Mais do que podemos acreditar…

Então, pessoas ^^ Cá estou eu, postando algo com um título profundo, heeein =D Mas a parte de hoje da saga trata mais ou menos disso ^^ Dúvidas surgem nos corações dos jovens, e até mesmo os mestres sentem certo receio em relação ao que está por vir para o quinteto extraplanar… Sem mais delongas aqui vai mais uma pequena parte do meu devaneio ^^

XI

Depois do lanchinho da tarde, os jovens se reuniram em uma sala ampla do castelo do ruivo, com muitas almofadas espalhadas pelo chão e um tapete espesso e luxuoso, enquanto os outros foram para a biblioteca do dragão a fim de conversarem sobre assuntos que, segundo eles, não era de interesse nem importância para os forasteiros. Logo que foram deixados a sós os jovens começaram a falar ao mesmo tempo, coisas como “isso é uma insanidade”, “não acredito”, e “viu o tamanho daquela espada?”. Levou algum tempo até que pusessem a cabeça no lugar e falassem de maneira ordenada.

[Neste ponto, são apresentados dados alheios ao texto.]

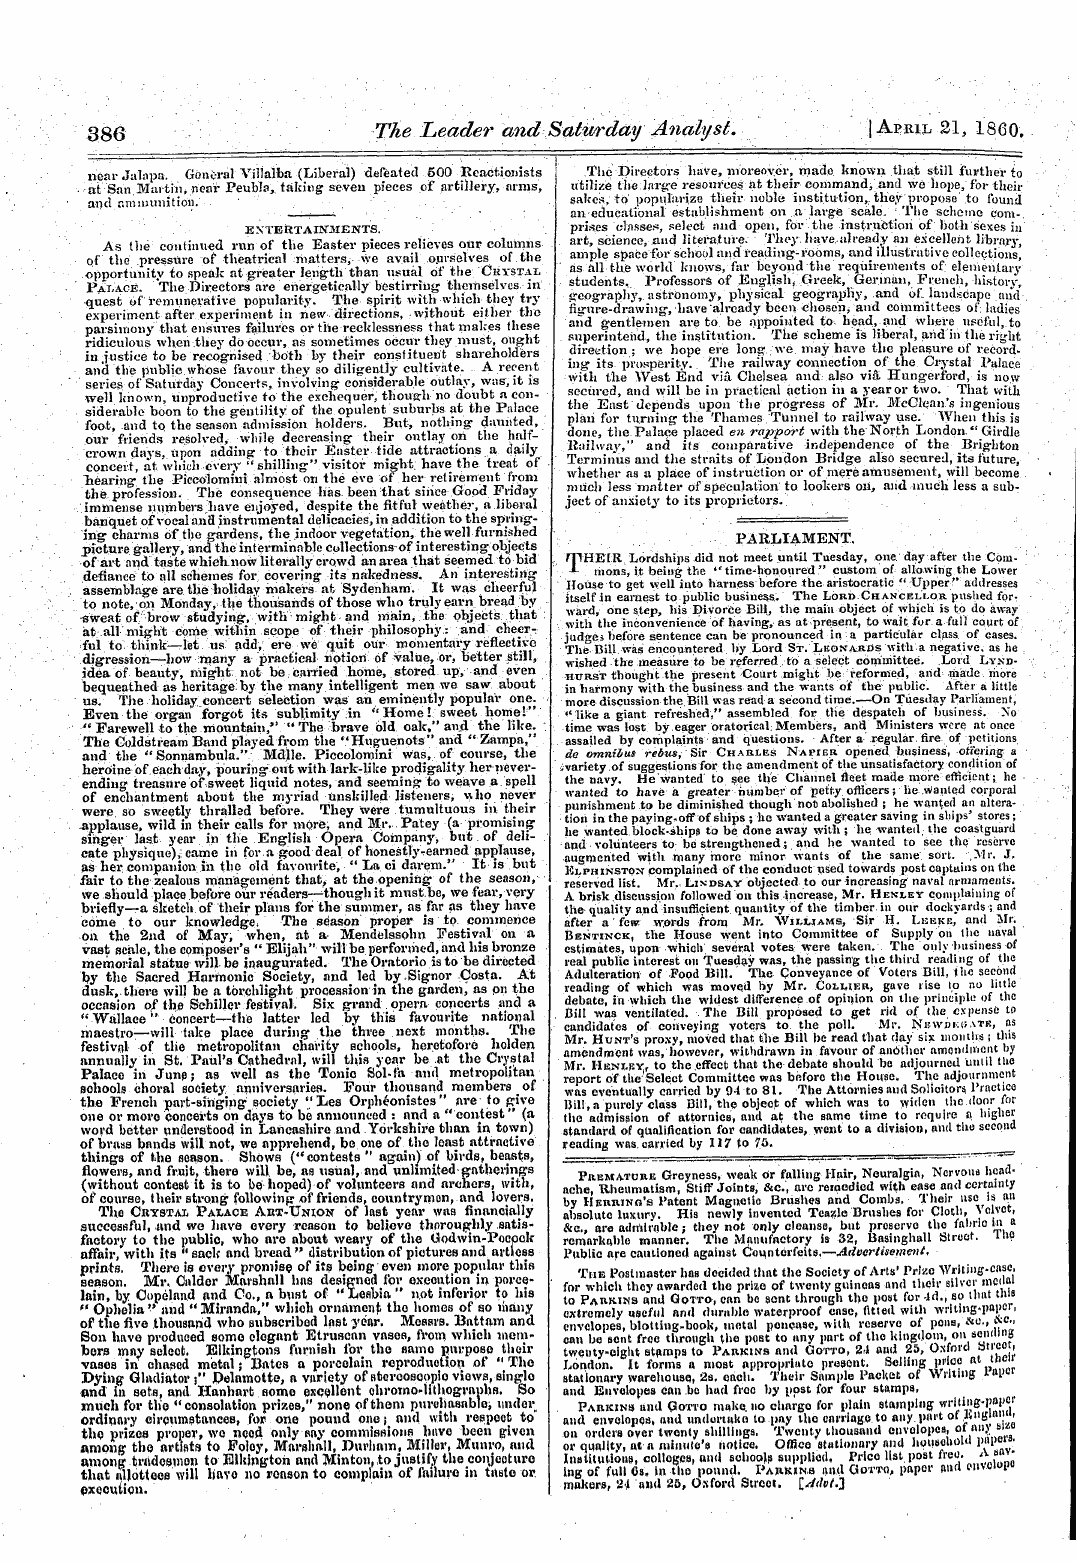 Leader (1850-1860): jS F Y, 1st edition - Parliament.
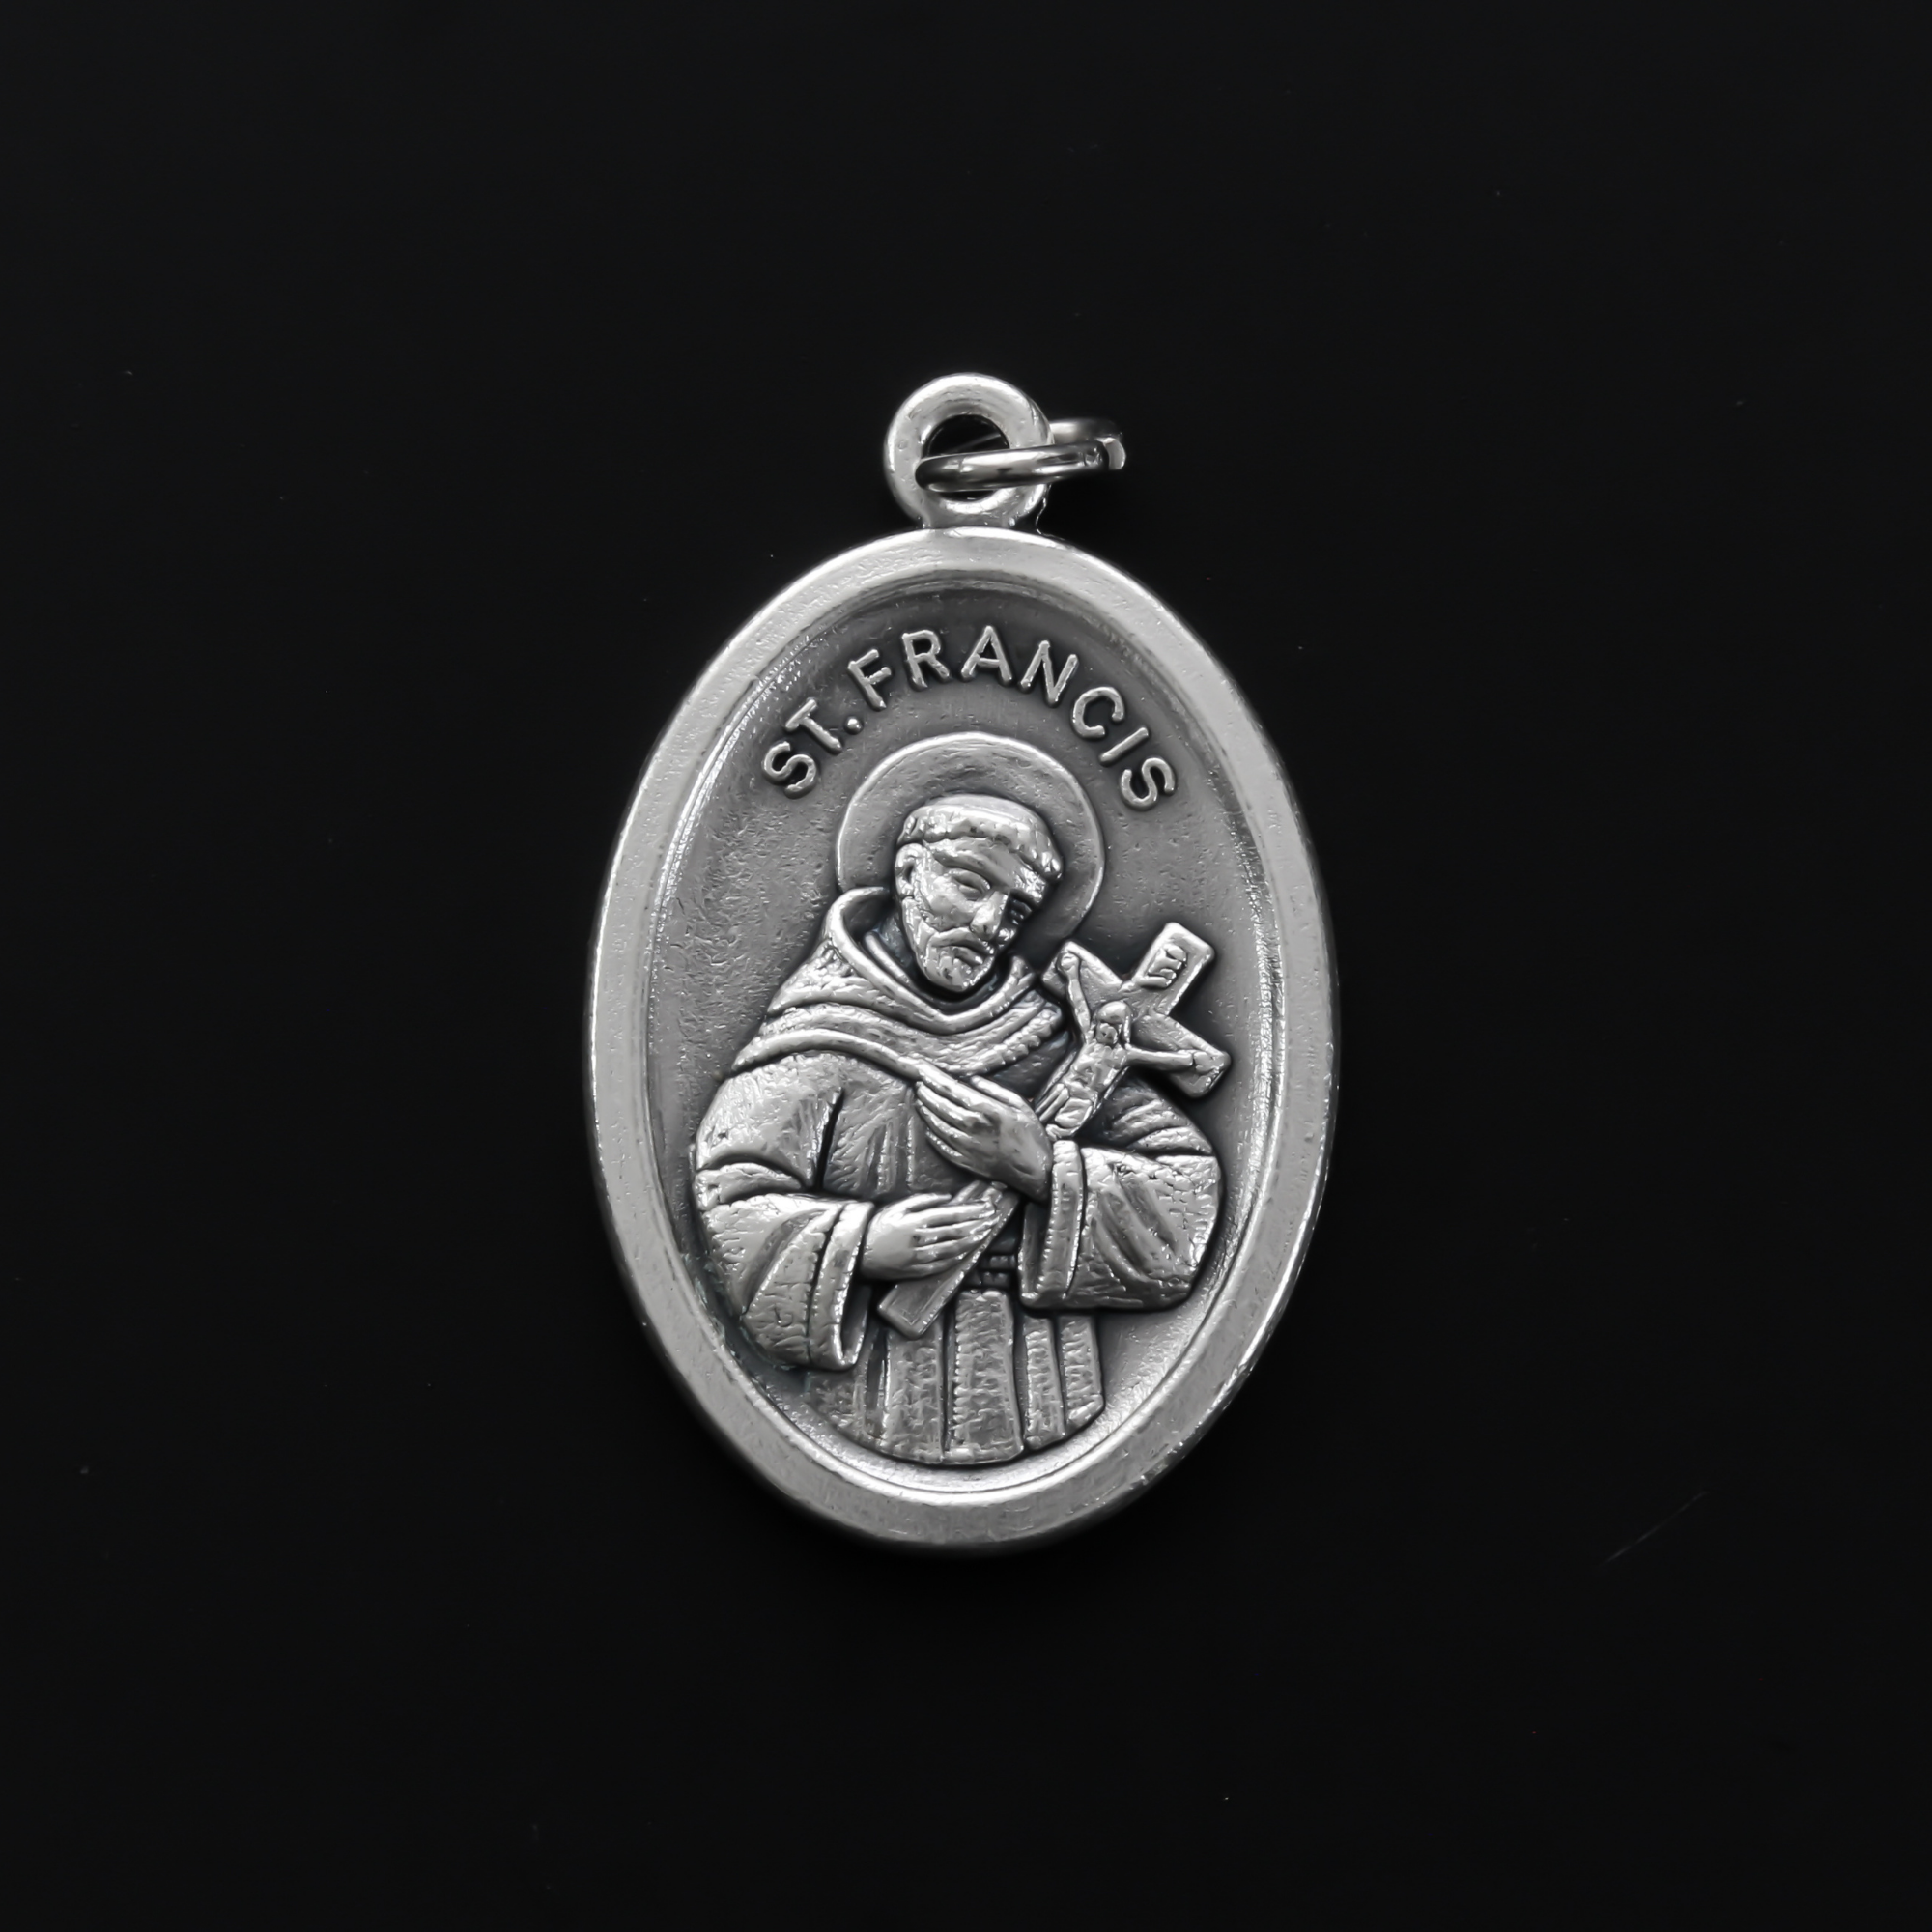 Saint Francis of Assisi medal that depicts the saint on the front and "Pray For Us" on the back

– “Sinceridade, isso é loucura. Meus sonhos estão se realizando, cara! Ser escolhido para seguir o paladino, nossa, não tenho palavras para explicar o que senti naquela hora. Falando sério, tenho até um pouco de medo de uma hora acordar e descobrir que nada disso aconteceu”.

– “Não sei não, Guilherme. Isso está ficando cada vez mais estranho, e o que é pior, perigoso! Tem noção do que pode acontecer com a gente? Aquela galera ali não está nem aí pra gente, estão nos usando! Ficam falando de profecia e o diabo a quatro, mas ninguém nos explicou o que vamos ter de fazer efetivamente. Se fosse fácil eles já teriam feito. E tá na cara que eles são poderosos, mesmo que não tenham feito nada. Qual é, gente, pode ser legal viver nesse universo paralelo, mas ninguém merece servir de marionete! E, já pensando no pior: e se a gente morrer aqui?”

– “Credo, Diego! Isola isso, cara… Bem, eu também não consigo me sentir totalmente tranquila com essa situação. Não sabemos como voltar pra casa, o remédio é fazer o que nos pedem e torcer para que nos enviem de volta. Perigoso é, mas eles parecem acreditar na gente, então algum potencial devemos ter, não acham?”, Natália falou essa última frase de maneira hesitante e todos sentiram um peso enorme nos ombros, além de ter a sensação de que o último filete de esperança se esvaía.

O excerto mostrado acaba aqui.